Like Silverman, Ku’s comedy usually causes audiences to squirm in discomfort: Did she really say that? Is it okay to laugh? Is this social commentary, or is she making fun of Asian people? It’s a risky style of satire, for sure.

In addition to a YouTube video of Ku, the Racialicious post excerpts a telling passage from a Boston Globe article about her act:

The Korean-American comedian started with the words, “I don’t really like being Asian, but I’m kind of stuck with it.” That, at least, received a few titters. But when she continues, “The only good thing about being Asian, really, is it helps you get into college,” the crowd stays silent. It goes downhill from there as she mines the subject of Caucasians adopting Asian babies.

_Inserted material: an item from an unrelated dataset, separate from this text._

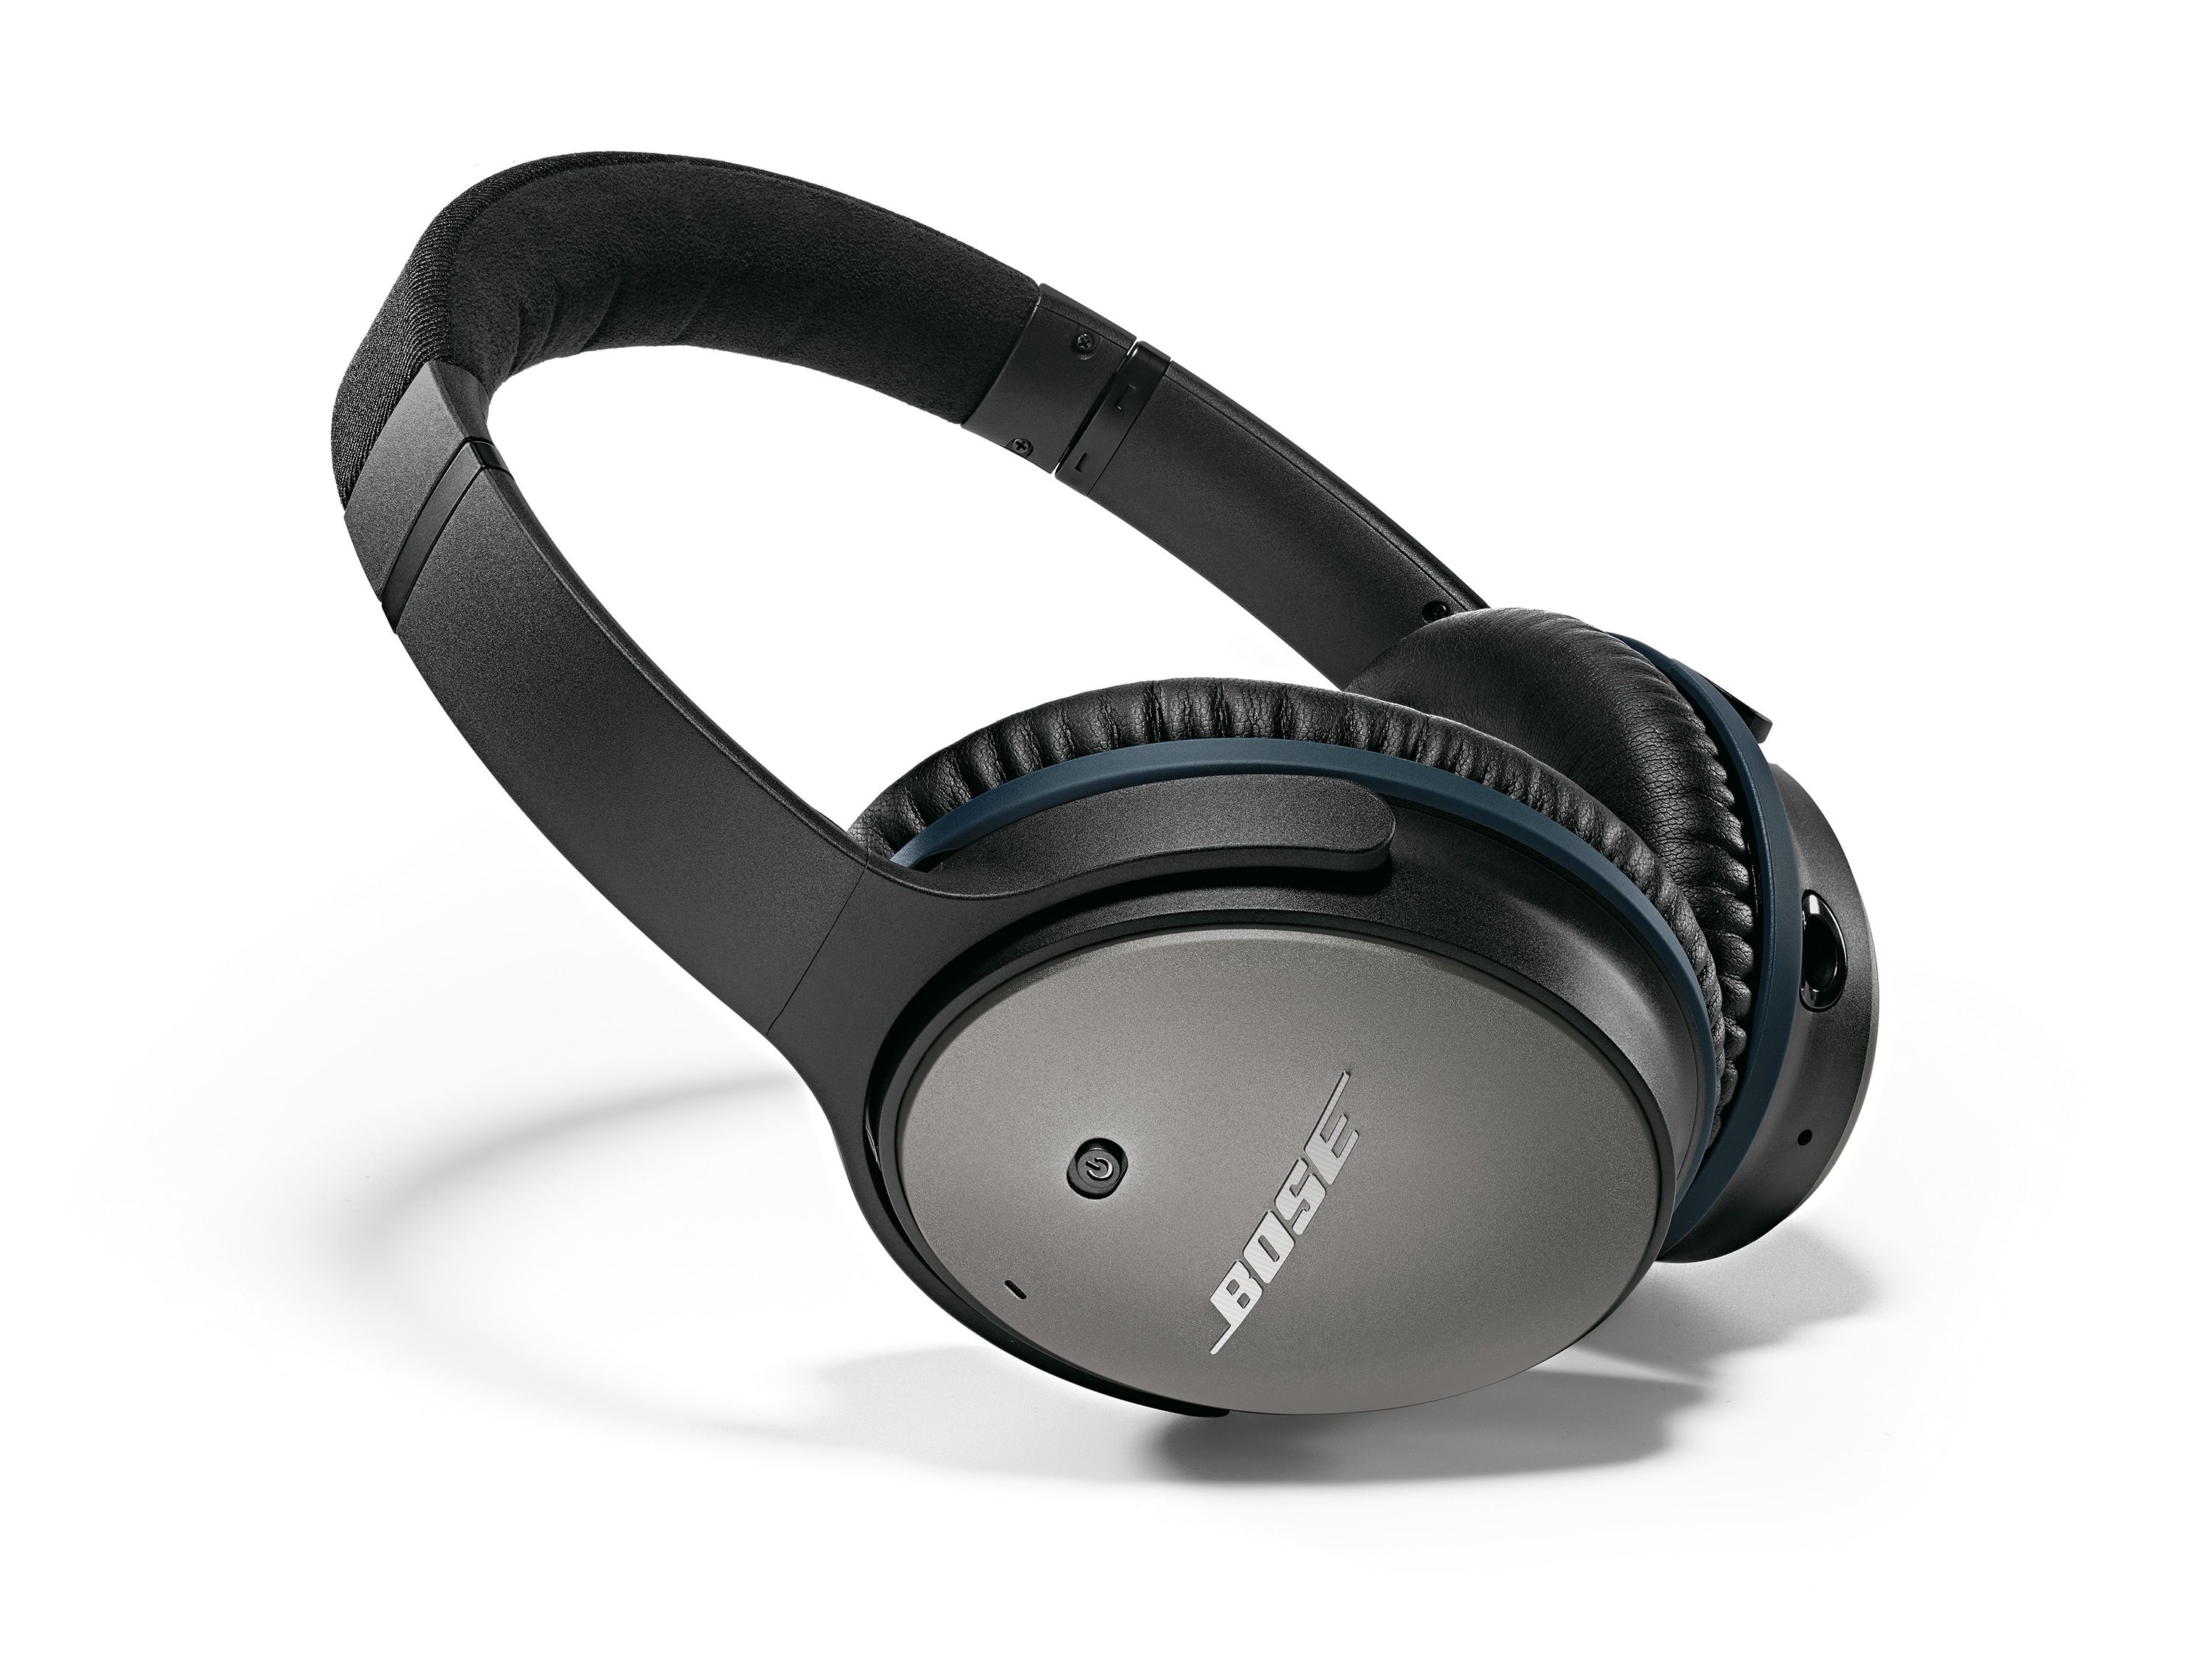 bose qc 25 noise cancelling headphones now out for preorder replacing qc 15 headphones image 1
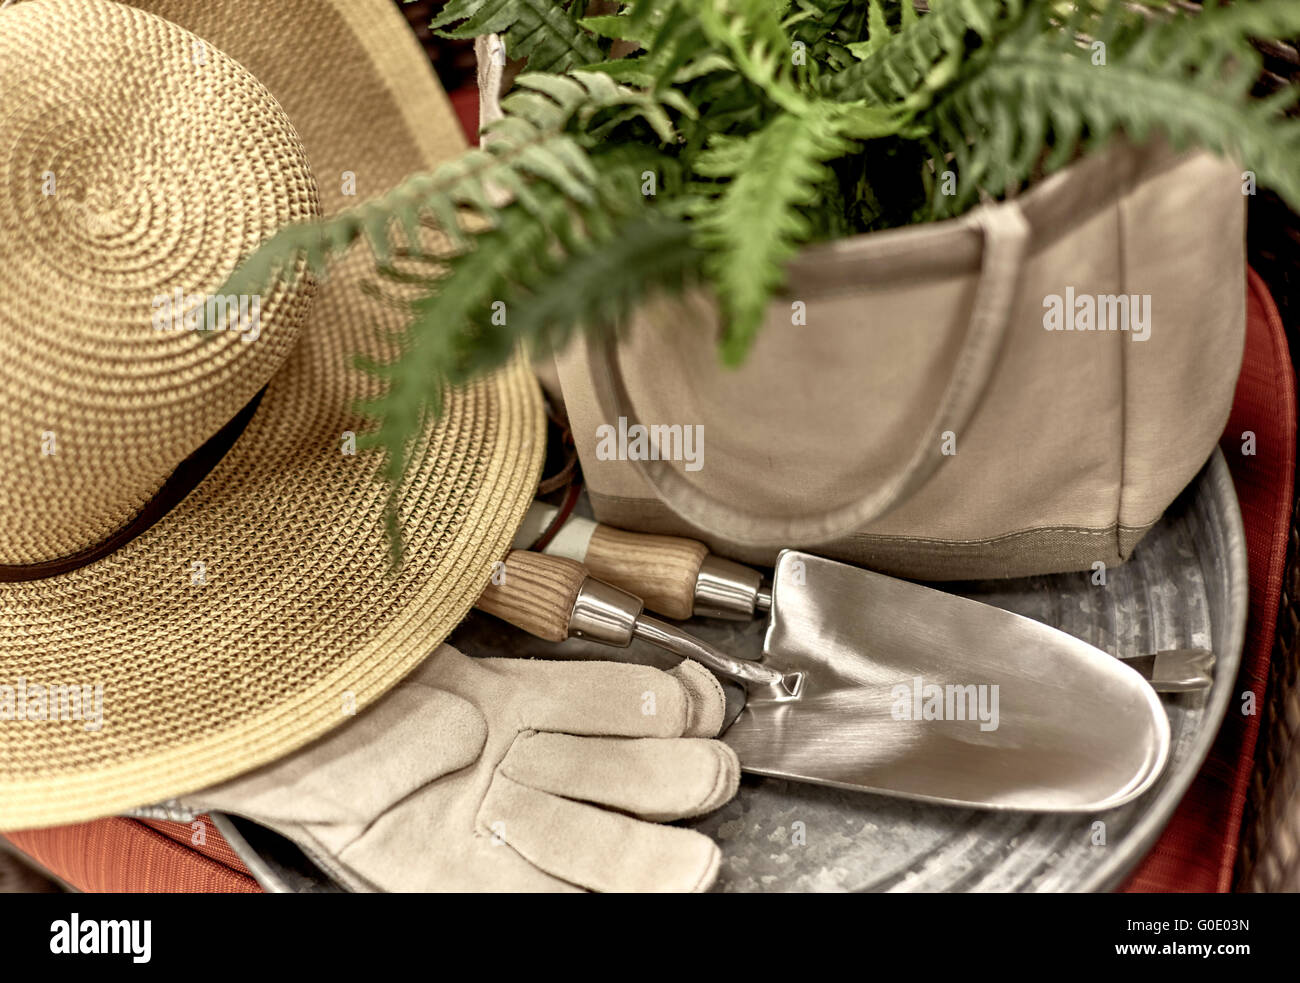 Garden work gloves, sun hat, and trowel on a tray with shallow depth of field Stock Photo

“Nigerian babies cost like 25 cents a day,” says Ku. “Asian babies cost a lot more because they pay off.”

As the crowd erupts in pained groans and a smattering of uncomfortable laughs, Ku innocently asks, “Did I go too far?”

Later on, the Globe article allows the comedian to explain what she’s attempting to do with her humor:

The underlying message of the [Nigerian vs. Asian babies] joke is a cultural commentary about white people who adopt Asian babies, says Ku. “How unfair it is that people purchase Asian babies like it’s an investment. I don’t mean to degrade Nigerian babies.”

But, as the article observes, Ku’s audiences often miss her point. And many leave her shows feeling she’s a self-hating racist.

The Racialicious post on Ku reminded me of the discussion we were having here a few weeks ago about the blog Stuff White People Like. The questions posed then arise once again:

  • How far should we go in joking about race and ethnicity?
  • Does it do more harm than good?
  • Is there a place in the work of reconciliation for biting social satire that indirectly challenges us to examine our stereotypes and prejudices?

Ku’s comedy offers yet another angle for considering these issues.